Coal Mining and the Technologies Reshaping Our World - and Workforce?

One of the things that piques my interest in the story above is the concept of mining jobs being replaced by robots. This only makes sense – when you can remove the human element from a dangerous situation, do it.

Coal Mining and the Technologies Reshaping Our World - and Workforce?
Image by @pixabay from Pexels. Used under CC0 license.

GT Briefing March 2012: Technologies Reshaping Our World.

One of the things that piques my interest in the story above is the concept of  mining jobs being replaced by robots.  This only makes sense – when you can remove the human element from a dangerous situation, do it.  This potentially saves lives. We already do it in combat with drone airplanes and remote bomb-diffusing agents.

The thing that struck me was how ardently the pro-mining lobbies fight against green energy/renewable energy initiatives in the name of saving mining jobs.  It appears that the coal mining industry (at least) holds a future with less and less human mining jobs – maybe one new job of a person behind a monitor and joystick for every 20 human-mining jobs lost?  Just an arbitrary guess.

It just appears to be a losing proposition – instead of fighting for industry jobs that are already doomed, why not undertake the difficult and long-term process of retraining miners for the new jobs that are on the horizon?  These new jobs include the robot operator, but also the solar panel installer, the windmill technician, and the geothermal well-driller.
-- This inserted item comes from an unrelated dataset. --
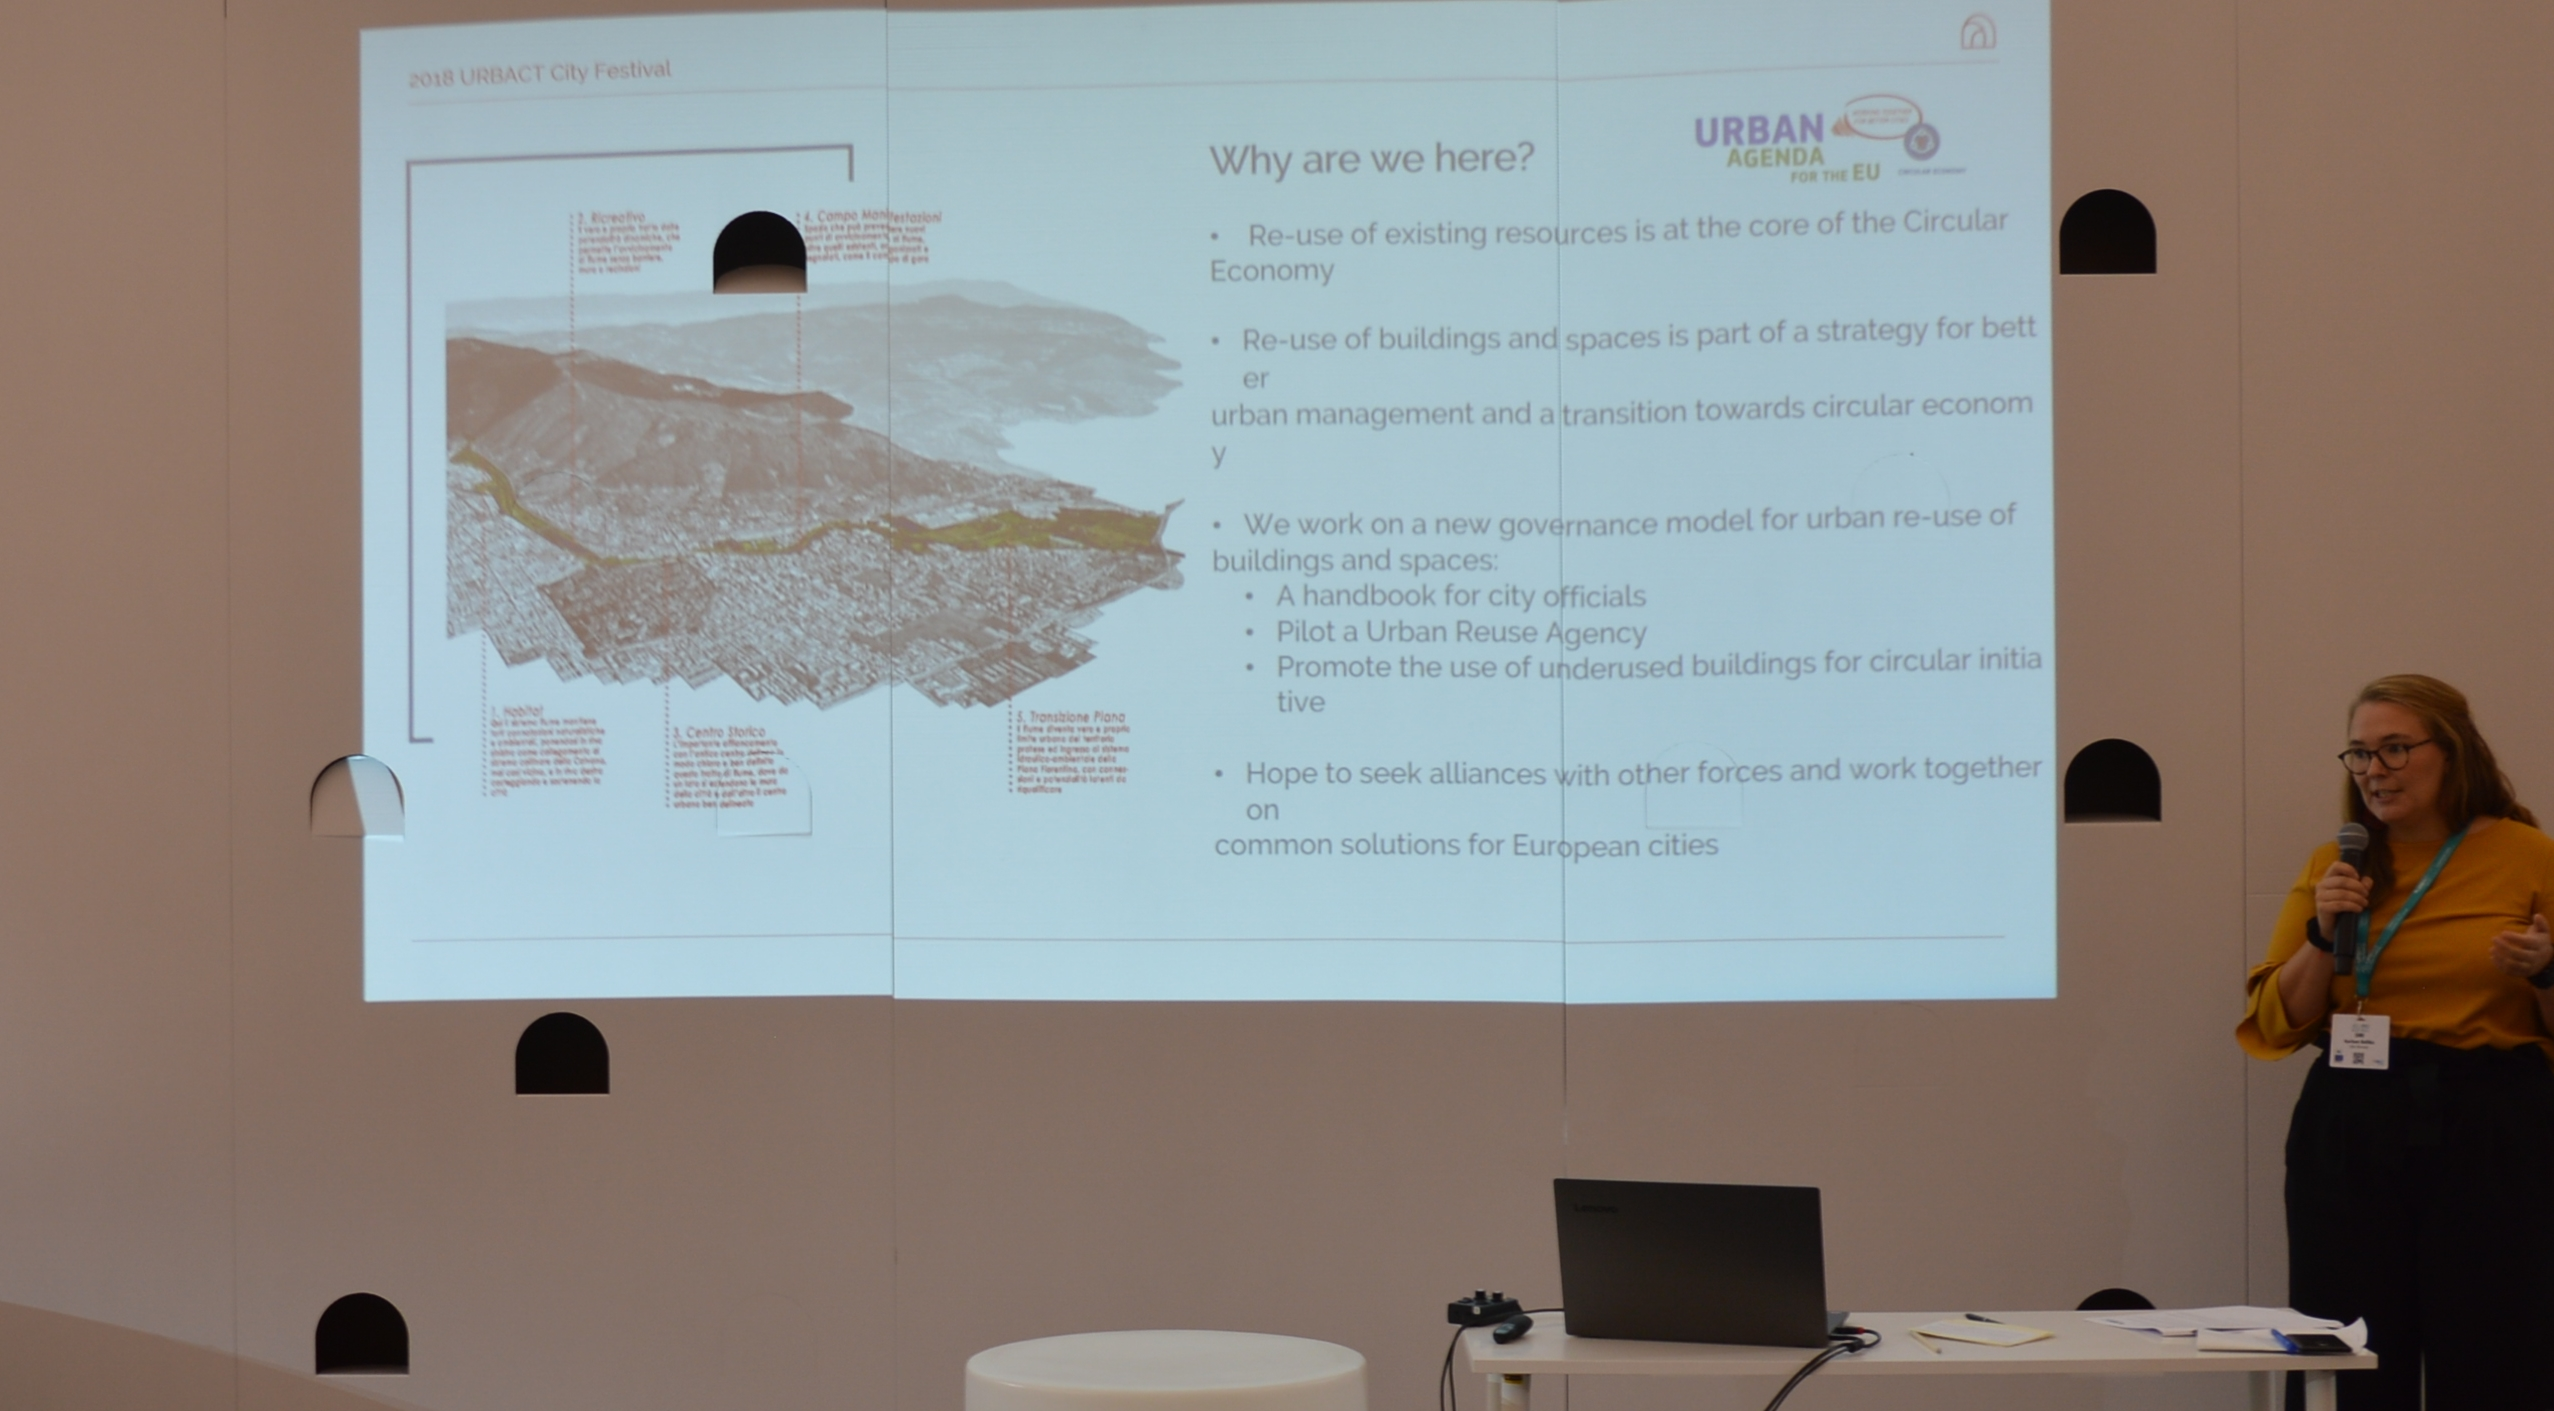 presentation of the Partnership on Circular Economy at Urbact City Festival 2018 in Lisbon

Alternative and green energy is no longer a characterization of left-leaning tree-hugging liberals.  That went out the door when George W Bush put solar panels on his ranch in Texas. The endeavor of green energy is now an actual and sustainable business model, employing actual laborers and contractors, making actual money for companies (and producing actual energy!).

People need energy.  Those of us living in the Appalachian Region need to think ahead five or ten years, think about what re-training we need to meet the emerging demand of green energy.  We need to evaluate our current skills and consider which ones will likely be outsourced by technology.

Instead of fighting the stream of modernity and defending mining jobs, lets acknowledge that making humans work in mining jobs is a dangerous (but respectable and honored) relic of our past.  Let’s start training up a workforce to meet the new energy challenges of the Twenty-First Century.